Exercise data START

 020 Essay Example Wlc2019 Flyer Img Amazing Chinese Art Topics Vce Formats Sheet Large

Exercise data END
Exercise data START

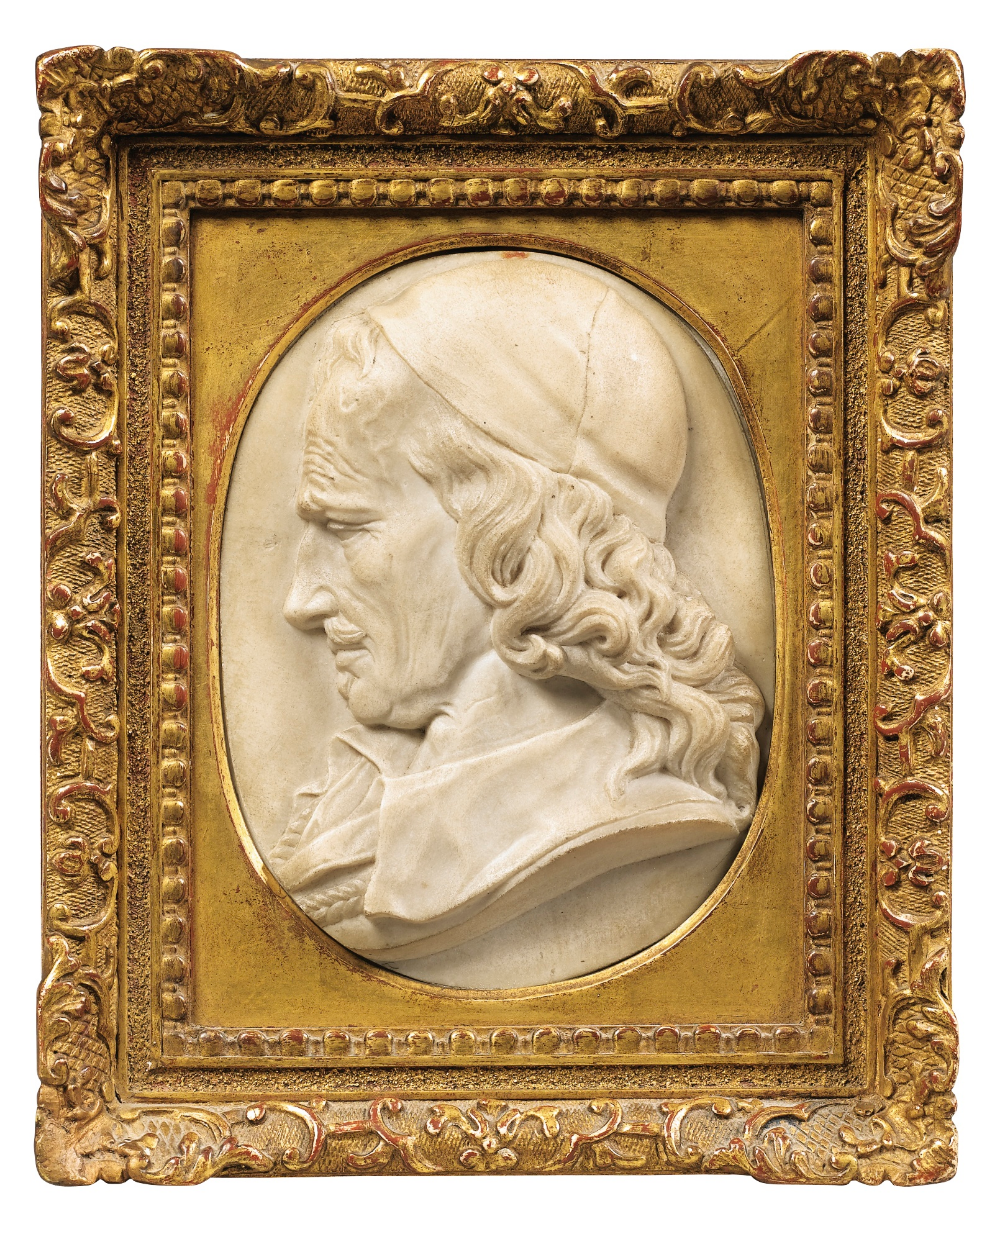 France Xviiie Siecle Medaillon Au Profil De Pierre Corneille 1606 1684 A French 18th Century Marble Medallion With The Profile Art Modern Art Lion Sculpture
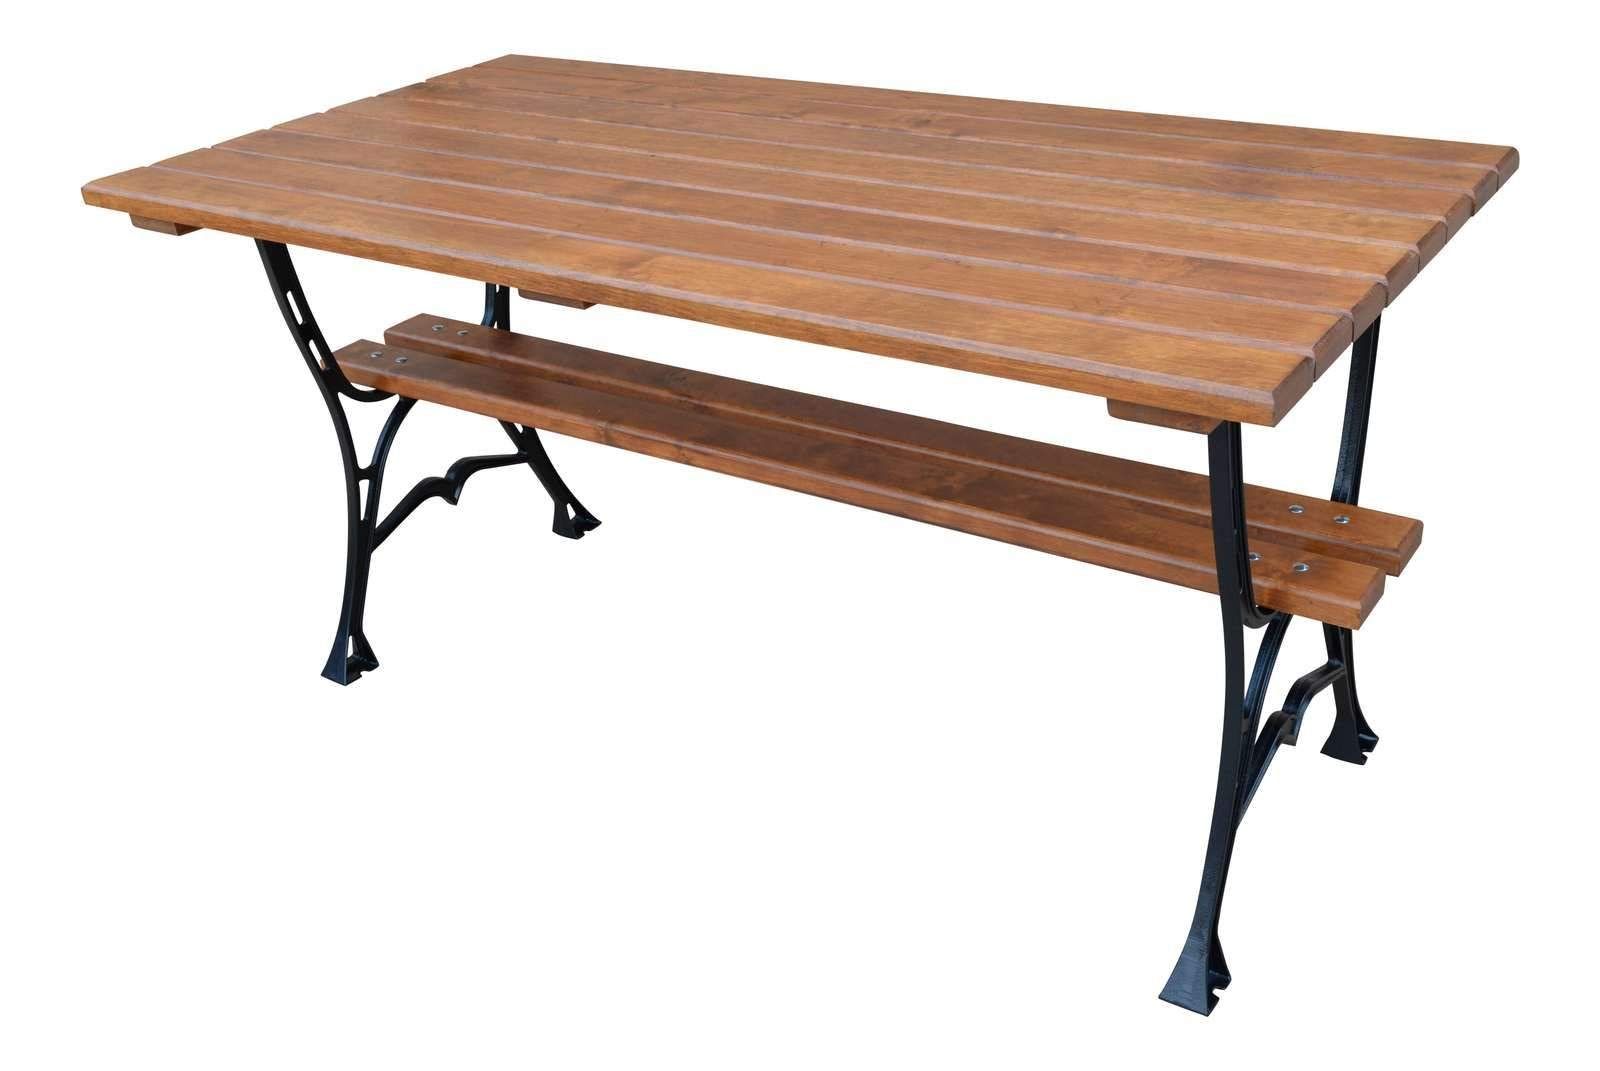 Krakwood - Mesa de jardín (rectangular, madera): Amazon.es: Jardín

Exercise data END

Only one stretch of the entries above is needed: the lines from the one containing "France Xviiie Siecle" through the one containing "Krakwood - Mesa". Copy it exactly, without the pictures.

## The completed task
 France Xviiie Siecle Medaillon Au Profil De Pierre Corneille 1606 1684 A French 18th Century Marble Medallion With The Profile Art Modern Art Lion Sculpture
 Krakwood - Mesa de jardín (rectangular, madera): Amazon.es: Jardín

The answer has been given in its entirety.